== Items listed in a dataset ==

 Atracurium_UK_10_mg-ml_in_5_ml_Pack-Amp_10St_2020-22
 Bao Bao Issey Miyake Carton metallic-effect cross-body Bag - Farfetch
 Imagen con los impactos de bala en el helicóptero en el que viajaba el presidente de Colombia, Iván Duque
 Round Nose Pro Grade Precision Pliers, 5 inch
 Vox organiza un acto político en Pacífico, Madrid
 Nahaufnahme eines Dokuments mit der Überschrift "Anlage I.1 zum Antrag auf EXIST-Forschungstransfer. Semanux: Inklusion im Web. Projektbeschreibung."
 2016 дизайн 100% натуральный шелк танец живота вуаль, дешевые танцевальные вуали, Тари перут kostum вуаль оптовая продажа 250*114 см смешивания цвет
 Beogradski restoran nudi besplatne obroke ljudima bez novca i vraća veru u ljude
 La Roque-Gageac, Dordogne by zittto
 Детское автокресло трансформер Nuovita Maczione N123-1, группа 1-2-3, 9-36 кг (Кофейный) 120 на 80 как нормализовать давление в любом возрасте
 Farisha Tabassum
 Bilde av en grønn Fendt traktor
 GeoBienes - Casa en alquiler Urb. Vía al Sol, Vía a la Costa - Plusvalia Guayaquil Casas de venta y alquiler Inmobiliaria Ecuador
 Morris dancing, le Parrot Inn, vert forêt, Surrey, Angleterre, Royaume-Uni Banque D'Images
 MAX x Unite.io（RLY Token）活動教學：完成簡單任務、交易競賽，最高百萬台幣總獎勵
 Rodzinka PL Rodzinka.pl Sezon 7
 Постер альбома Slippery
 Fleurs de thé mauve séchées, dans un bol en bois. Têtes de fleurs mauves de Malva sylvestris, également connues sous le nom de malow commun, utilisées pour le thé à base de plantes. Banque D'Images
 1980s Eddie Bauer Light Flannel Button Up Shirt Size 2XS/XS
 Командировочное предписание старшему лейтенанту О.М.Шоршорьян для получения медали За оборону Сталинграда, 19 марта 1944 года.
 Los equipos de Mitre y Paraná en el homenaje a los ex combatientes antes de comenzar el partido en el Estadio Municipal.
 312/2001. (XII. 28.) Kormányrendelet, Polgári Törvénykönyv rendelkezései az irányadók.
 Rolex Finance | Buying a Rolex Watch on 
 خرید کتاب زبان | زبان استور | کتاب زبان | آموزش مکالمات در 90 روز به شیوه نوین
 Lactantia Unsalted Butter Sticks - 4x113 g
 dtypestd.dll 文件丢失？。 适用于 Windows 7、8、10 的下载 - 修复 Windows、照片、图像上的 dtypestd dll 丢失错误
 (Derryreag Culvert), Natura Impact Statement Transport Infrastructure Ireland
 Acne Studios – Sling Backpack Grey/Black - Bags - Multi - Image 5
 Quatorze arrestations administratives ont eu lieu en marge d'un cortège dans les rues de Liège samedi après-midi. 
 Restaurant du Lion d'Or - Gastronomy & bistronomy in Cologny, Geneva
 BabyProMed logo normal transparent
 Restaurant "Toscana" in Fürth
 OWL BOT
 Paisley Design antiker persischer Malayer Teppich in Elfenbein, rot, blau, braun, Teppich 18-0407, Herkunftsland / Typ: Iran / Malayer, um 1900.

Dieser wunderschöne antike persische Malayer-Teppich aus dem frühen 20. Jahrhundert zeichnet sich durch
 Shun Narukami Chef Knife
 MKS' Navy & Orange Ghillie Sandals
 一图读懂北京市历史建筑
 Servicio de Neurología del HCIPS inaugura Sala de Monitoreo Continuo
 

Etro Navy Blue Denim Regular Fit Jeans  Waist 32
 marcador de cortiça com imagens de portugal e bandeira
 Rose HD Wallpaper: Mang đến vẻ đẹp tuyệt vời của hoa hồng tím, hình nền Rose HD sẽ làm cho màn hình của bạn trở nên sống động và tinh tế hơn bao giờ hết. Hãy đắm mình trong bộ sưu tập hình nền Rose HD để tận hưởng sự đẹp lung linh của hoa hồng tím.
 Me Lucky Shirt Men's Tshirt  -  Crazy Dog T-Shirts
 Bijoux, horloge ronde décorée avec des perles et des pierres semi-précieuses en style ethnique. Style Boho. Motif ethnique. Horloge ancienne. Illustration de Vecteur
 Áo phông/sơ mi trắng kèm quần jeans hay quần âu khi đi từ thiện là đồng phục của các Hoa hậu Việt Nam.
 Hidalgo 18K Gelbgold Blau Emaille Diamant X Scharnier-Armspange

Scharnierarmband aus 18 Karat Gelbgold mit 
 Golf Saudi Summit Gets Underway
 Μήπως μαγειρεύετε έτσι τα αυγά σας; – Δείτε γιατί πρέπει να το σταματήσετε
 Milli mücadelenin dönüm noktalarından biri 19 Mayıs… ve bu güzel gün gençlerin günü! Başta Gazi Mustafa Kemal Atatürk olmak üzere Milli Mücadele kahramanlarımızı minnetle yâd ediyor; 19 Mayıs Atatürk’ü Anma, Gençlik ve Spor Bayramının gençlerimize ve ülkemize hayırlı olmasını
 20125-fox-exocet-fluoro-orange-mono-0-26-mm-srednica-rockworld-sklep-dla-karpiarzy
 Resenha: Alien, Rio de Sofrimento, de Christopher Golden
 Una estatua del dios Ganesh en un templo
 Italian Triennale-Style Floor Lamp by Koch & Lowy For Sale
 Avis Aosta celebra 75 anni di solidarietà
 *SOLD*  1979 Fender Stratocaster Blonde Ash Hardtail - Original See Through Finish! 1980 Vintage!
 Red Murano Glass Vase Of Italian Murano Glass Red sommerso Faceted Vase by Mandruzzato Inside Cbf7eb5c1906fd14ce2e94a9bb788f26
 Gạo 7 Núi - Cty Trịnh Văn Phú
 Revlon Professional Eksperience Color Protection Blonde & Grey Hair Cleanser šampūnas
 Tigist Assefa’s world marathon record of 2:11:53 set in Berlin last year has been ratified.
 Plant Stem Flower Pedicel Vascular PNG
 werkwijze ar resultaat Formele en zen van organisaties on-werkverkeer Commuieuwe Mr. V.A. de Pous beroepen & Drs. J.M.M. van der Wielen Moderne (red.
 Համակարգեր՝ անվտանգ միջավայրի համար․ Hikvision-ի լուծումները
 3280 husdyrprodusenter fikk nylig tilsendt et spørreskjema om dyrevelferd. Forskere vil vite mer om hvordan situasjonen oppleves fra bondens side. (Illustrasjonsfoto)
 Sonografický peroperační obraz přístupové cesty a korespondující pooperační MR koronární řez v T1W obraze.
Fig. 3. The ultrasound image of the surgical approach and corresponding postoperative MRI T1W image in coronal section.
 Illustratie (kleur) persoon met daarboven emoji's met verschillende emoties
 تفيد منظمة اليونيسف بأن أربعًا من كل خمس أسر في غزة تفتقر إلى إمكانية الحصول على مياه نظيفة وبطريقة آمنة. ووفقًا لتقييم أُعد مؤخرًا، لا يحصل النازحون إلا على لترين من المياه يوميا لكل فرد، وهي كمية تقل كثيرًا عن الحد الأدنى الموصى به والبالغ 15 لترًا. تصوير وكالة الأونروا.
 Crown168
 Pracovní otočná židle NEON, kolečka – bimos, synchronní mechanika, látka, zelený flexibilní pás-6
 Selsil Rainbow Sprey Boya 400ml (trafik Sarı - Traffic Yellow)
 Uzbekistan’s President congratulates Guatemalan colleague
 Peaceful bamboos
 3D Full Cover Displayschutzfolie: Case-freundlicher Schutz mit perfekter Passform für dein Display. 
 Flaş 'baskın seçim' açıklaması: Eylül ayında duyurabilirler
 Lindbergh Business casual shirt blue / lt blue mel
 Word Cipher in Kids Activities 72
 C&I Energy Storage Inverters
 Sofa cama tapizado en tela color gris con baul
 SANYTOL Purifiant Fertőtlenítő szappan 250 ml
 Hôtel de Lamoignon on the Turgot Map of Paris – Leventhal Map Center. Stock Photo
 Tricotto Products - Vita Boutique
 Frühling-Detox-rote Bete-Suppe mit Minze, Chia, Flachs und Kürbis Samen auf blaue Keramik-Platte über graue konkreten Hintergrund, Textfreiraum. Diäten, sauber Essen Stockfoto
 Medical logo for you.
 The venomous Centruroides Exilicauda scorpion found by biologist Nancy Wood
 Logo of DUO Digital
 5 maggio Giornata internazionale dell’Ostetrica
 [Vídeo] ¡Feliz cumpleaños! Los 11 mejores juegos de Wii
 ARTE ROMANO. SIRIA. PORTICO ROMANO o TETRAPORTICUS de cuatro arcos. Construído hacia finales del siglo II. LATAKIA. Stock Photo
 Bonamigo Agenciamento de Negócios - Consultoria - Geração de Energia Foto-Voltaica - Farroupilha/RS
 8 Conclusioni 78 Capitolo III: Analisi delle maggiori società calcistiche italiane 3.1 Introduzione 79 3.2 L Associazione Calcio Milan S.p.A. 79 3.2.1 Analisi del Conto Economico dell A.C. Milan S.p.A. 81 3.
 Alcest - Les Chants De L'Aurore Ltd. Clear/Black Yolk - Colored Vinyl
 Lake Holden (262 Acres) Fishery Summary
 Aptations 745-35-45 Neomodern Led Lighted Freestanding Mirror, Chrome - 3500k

== THE PROBLEM ==
Begin at the first line of the records above and quote every line verbatim through the one that contains "Vox organiza un".

== EXERCISE SOLUTION ==
 Atracurium_UK_10_mg-ml_in_5_ml_Pack-Amp_10St_2020-22
 Bao Bao Issey Miyake Carton metallic-effect cross-body Bag - Farfetch
 Imagen con los impactos de bala en el helicóptero en el que viajaba el presidente de Colombia, Iván Duque
 Round Nose Pro Grade Precision Pliers, 5 inch
 Vox organiza un acto político en Pacífico, Madrid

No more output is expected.